WORK INSTRUCTION: Only the lines from the one containing "Live Agent Coupon Code" through the end of the listing belong in the answer, repeated exactly, with no pictures.

DATASET SECTION:
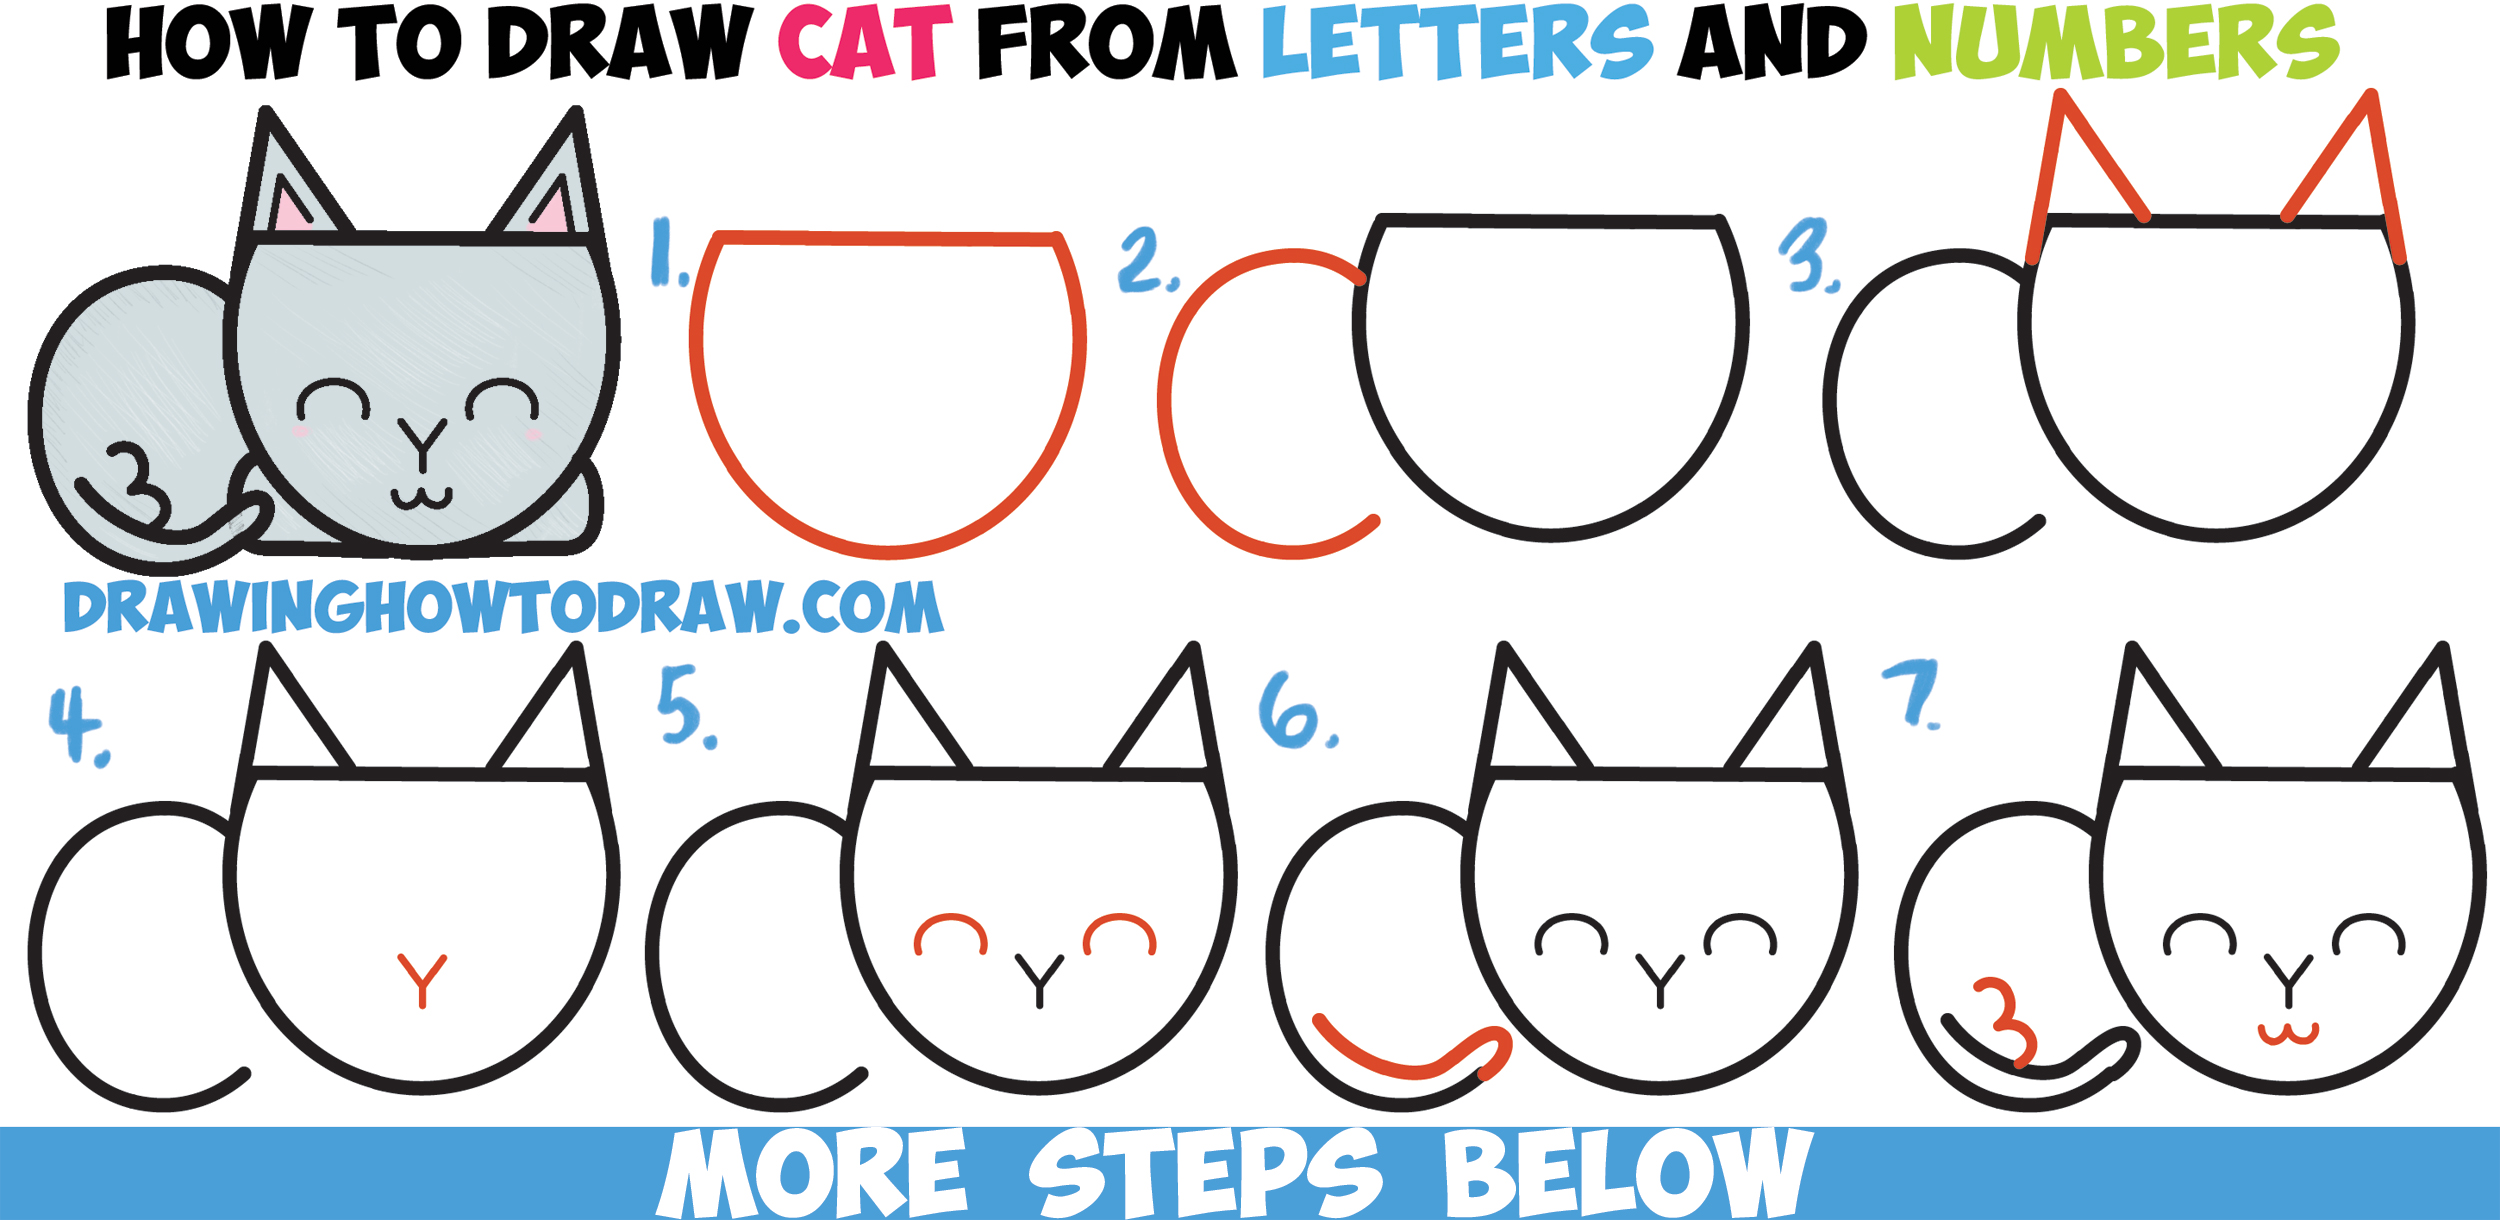 How to Draw a Cute Cartoon Cat Completely from Letters, Numbers
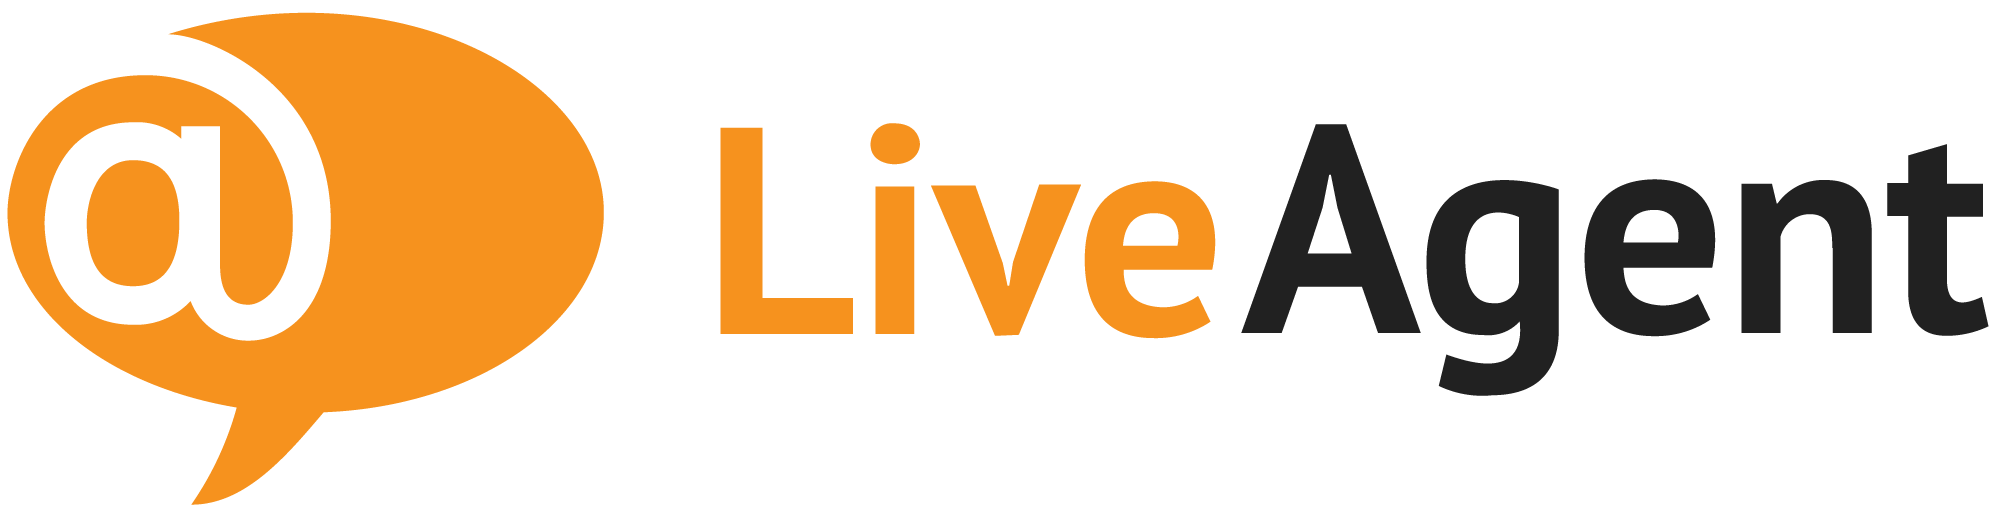 Live Agent Coupon Code
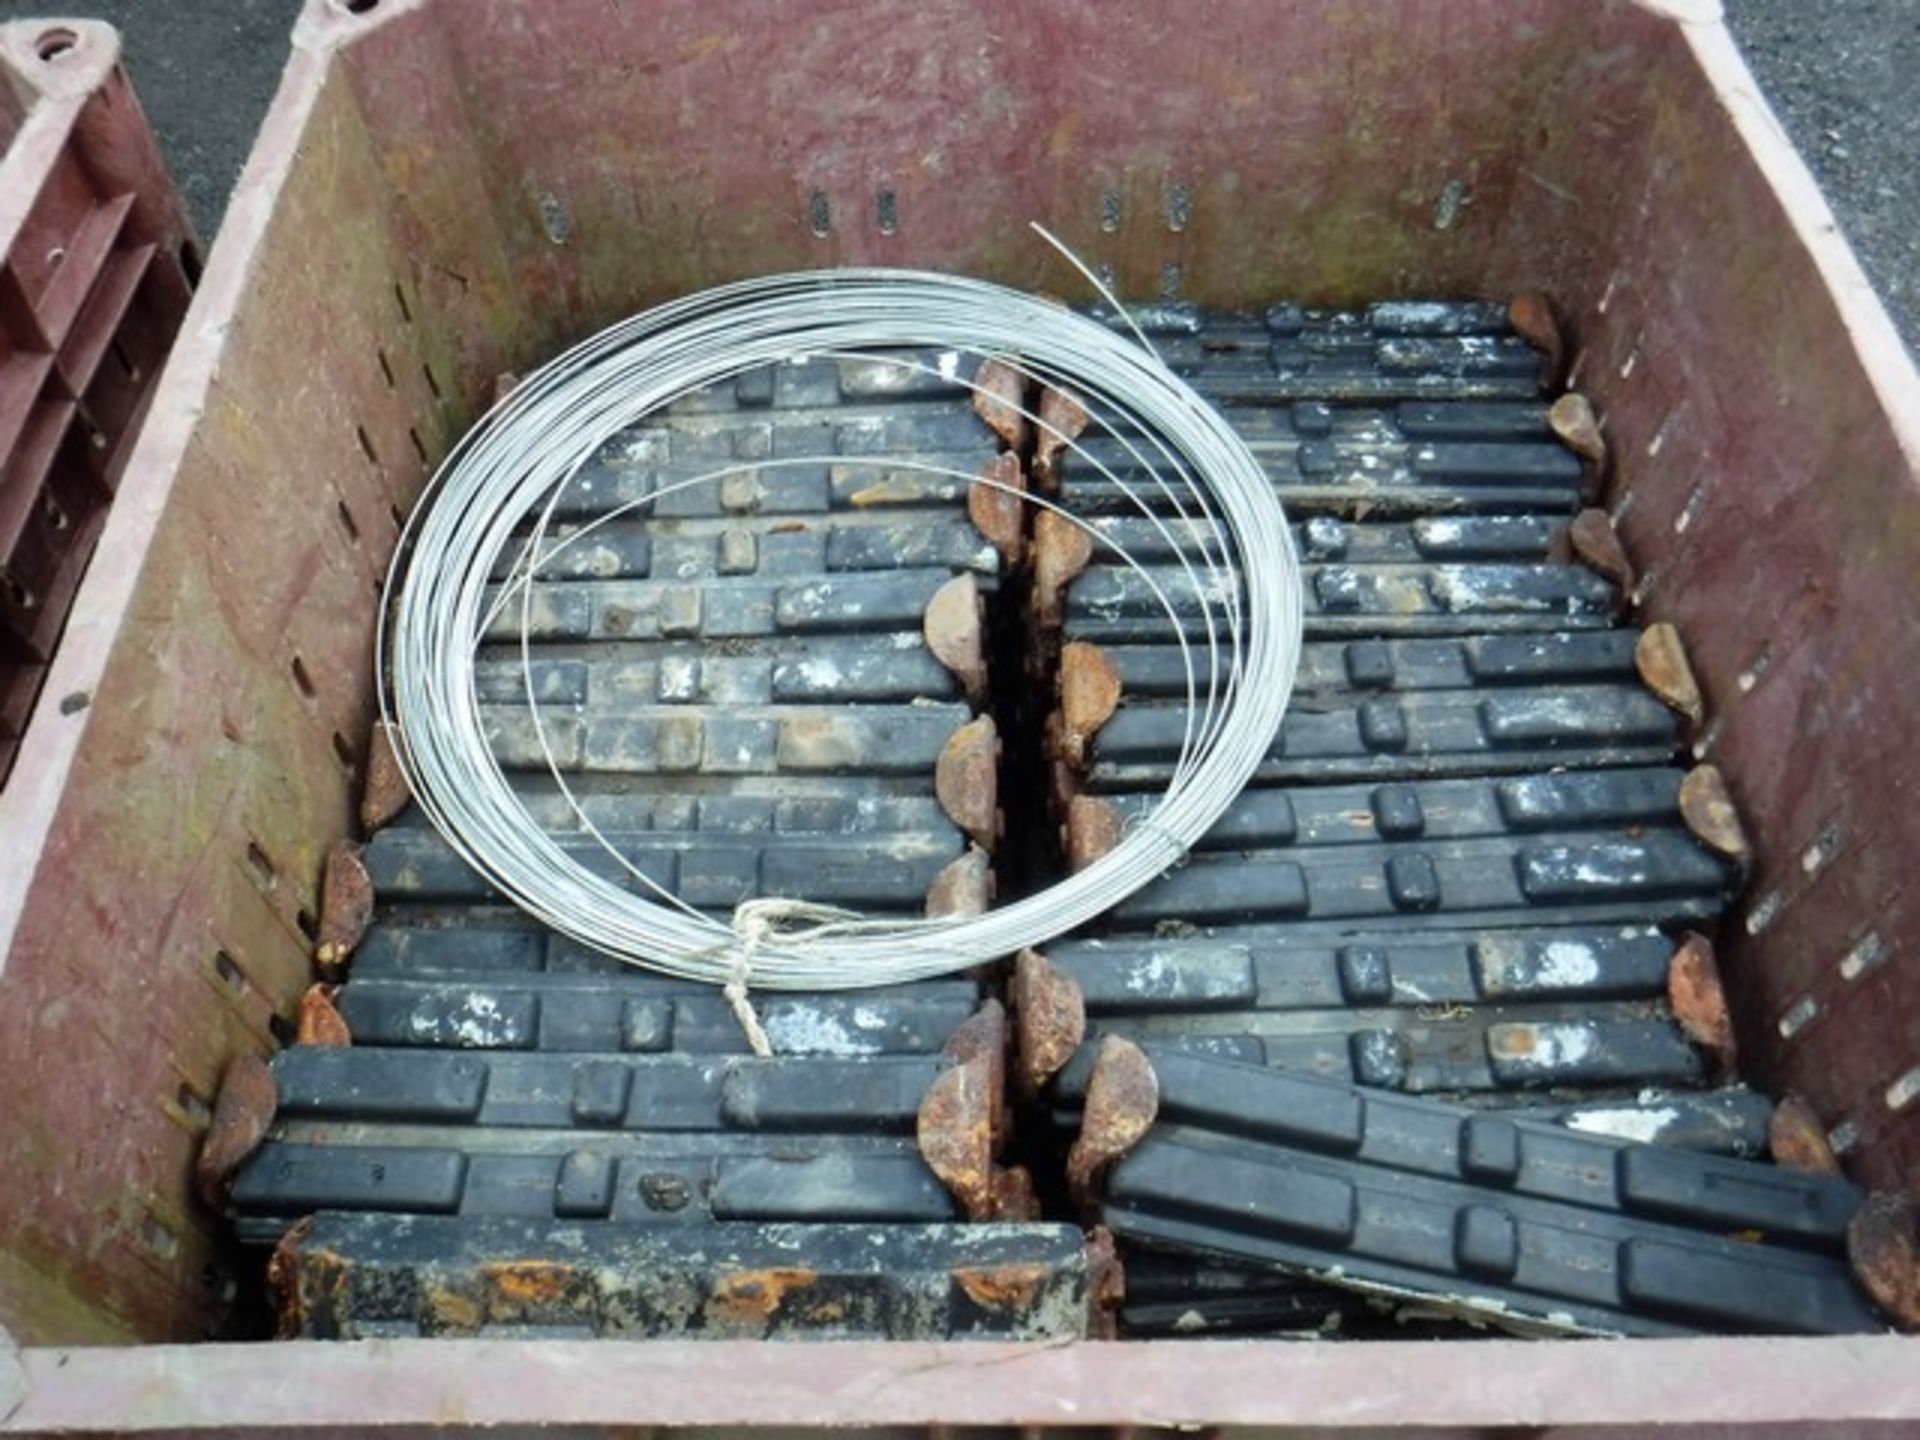 BOX OF USED TRACK PADS FOR EXCAVATORS
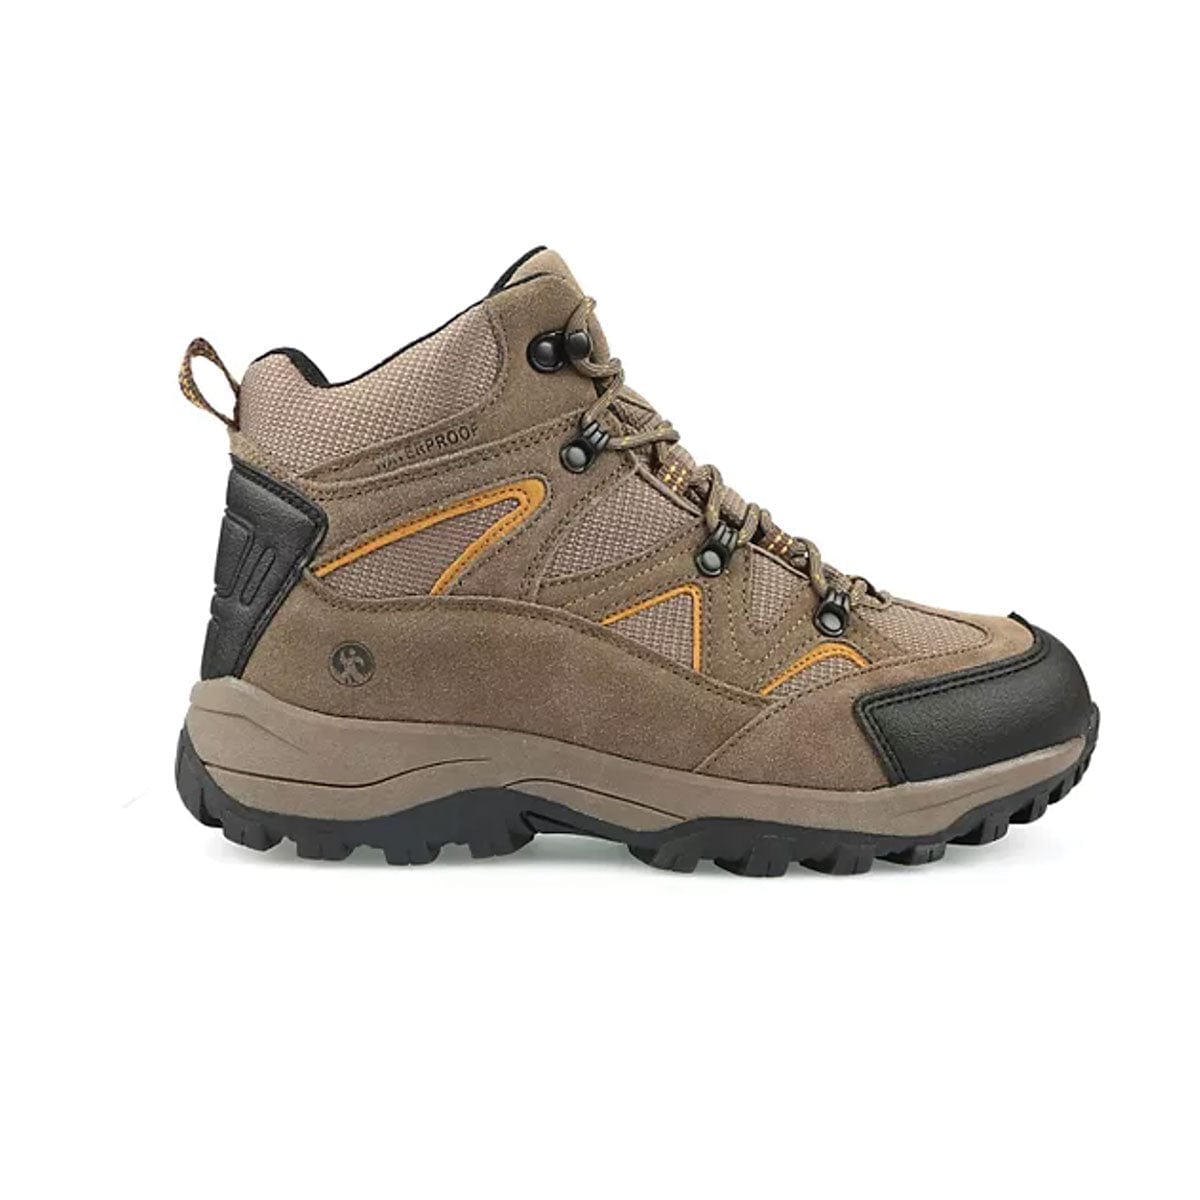 Northside Snohomish 6" Mid Waterproof Hiking Boots

FINISHED TASK:
 Live Agent Coupon Code
 BOX OF USED TRACK PADS FOR EXCAVATORS
 Northside Snohomish 6" Mid Waterproof Hiking Boots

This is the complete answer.